[PATCH] Option 1: threads: allocate application stacks lazily

9 views

Skip to first unread message

Waldemar Kozaczuk

unread,

Jan 26, 2020, 12:33:30 PM1/26/20

to osv...@googlegroups.com, Waldemar Kozaczuk, Matthew Pabst

As the issue #143 explains, currently applications stacks are eagerly
allocated (aka pre-populated) which may lead to substantial memory waste.
We want those stacks to be lazily allocated instead, so that physical
memory behind the stack gets allocated as needed by standard fault handling mechanism.

The page fault handling logic requires that both interrupts and preemption
are enabled. Therefore this patch implements simple strategy to read single byte on a stack
one page (4K) deeper before disabling interrupts or preemption.

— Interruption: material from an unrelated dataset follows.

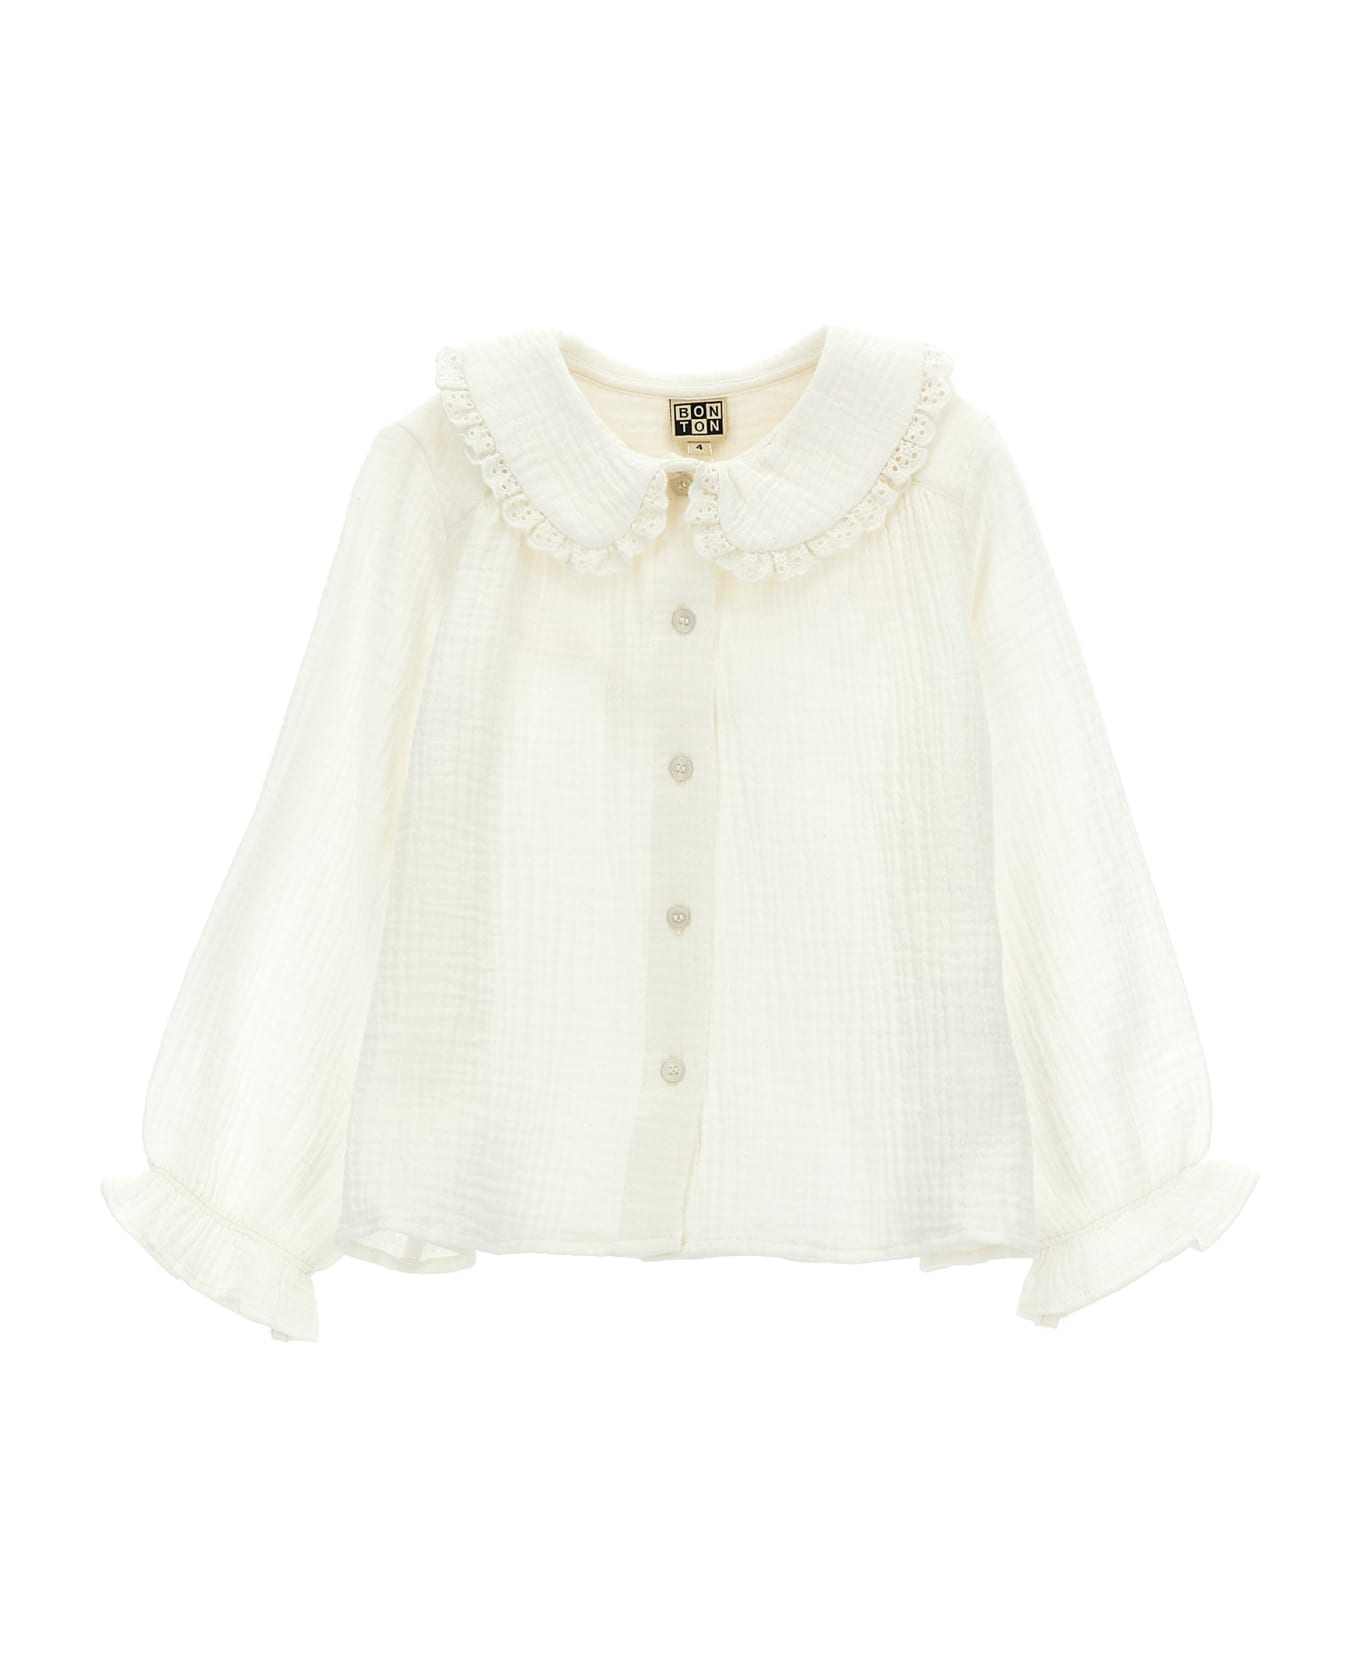 Bonton Collar Shirt - White

It turns out we cannot read that single byte "blindly" because in some scenarios
interrupts might be already disabled when we are about to disable preemption and vice versa.
Also similarly, which is more speculative, disabling preemption (and possibly interrupts) may nest.
Therefore we need a "conditional" read of that byte on stack. More specifically
we should ONLY read the byte IF both interrupts and preemption are enabled.

This patch achieves this by adding extra thread-local counter to track interrupts disabling/enabling
that operates in a similar way the preemption counter does. So every time interrupts
are disabled we increment the counter and decrement it everytime interrupts are enabled back.
Then everytime before we disable interrupts or preemption, we check if both counters
are 0 and only then try to read a byte to potentially trigger a fault.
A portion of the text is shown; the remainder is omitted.